### [Source records]
*** Begin section ***

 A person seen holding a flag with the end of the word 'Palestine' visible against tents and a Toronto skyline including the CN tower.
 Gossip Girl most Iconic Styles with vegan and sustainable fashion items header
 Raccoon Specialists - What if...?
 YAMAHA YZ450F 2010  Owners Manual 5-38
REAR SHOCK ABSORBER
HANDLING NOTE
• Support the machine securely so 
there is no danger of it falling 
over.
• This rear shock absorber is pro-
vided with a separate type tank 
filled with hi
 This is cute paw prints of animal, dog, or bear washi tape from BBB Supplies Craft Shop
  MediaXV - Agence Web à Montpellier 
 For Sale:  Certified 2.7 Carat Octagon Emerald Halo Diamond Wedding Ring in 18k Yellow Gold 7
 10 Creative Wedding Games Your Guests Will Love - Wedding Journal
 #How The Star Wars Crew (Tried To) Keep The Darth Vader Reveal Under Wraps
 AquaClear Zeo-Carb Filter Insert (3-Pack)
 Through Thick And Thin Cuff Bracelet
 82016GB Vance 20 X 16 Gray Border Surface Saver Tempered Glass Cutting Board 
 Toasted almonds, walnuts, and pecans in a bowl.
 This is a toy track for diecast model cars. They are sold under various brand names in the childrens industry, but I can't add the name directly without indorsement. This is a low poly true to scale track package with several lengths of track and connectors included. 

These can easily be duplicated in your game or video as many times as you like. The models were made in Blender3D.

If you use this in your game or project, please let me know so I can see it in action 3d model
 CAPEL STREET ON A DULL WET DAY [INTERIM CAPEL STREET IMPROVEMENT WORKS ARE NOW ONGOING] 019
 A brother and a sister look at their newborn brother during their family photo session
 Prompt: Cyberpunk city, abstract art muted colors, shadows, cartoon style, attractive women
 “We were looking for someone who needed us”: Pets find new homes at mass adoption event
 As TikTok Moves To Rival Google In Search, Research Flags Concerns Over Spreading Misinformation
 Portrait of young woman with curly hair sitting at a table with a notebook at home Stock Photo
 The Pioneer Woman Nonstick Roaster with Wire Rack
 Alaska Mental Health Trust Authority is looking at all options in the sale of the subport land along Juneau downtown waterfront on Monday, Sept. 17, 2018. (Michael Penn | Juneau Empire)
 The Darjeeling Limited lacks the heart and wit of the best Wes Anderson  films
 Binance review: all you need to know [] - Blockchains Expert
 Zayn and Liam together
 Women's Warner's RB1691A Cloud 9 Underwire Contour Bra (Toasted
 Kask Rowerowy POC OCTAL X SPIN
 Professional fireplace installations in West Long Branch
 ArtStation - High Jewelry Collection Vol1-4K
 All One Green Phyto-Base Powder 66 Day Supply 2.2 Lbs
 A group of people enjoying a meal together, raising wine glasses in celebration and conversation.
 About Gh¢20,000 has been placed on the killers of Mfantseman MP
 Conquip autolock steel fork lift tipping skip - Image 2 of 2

*** End section ***

### [WORK TO BE COMPLETED]
Find the lines above with the word "together". Copy them out.

### [ANSWER SECTION]
 Zayn and Liam together
 A group of people enjoying a meal together, raising wine glasses in celebration and conversation.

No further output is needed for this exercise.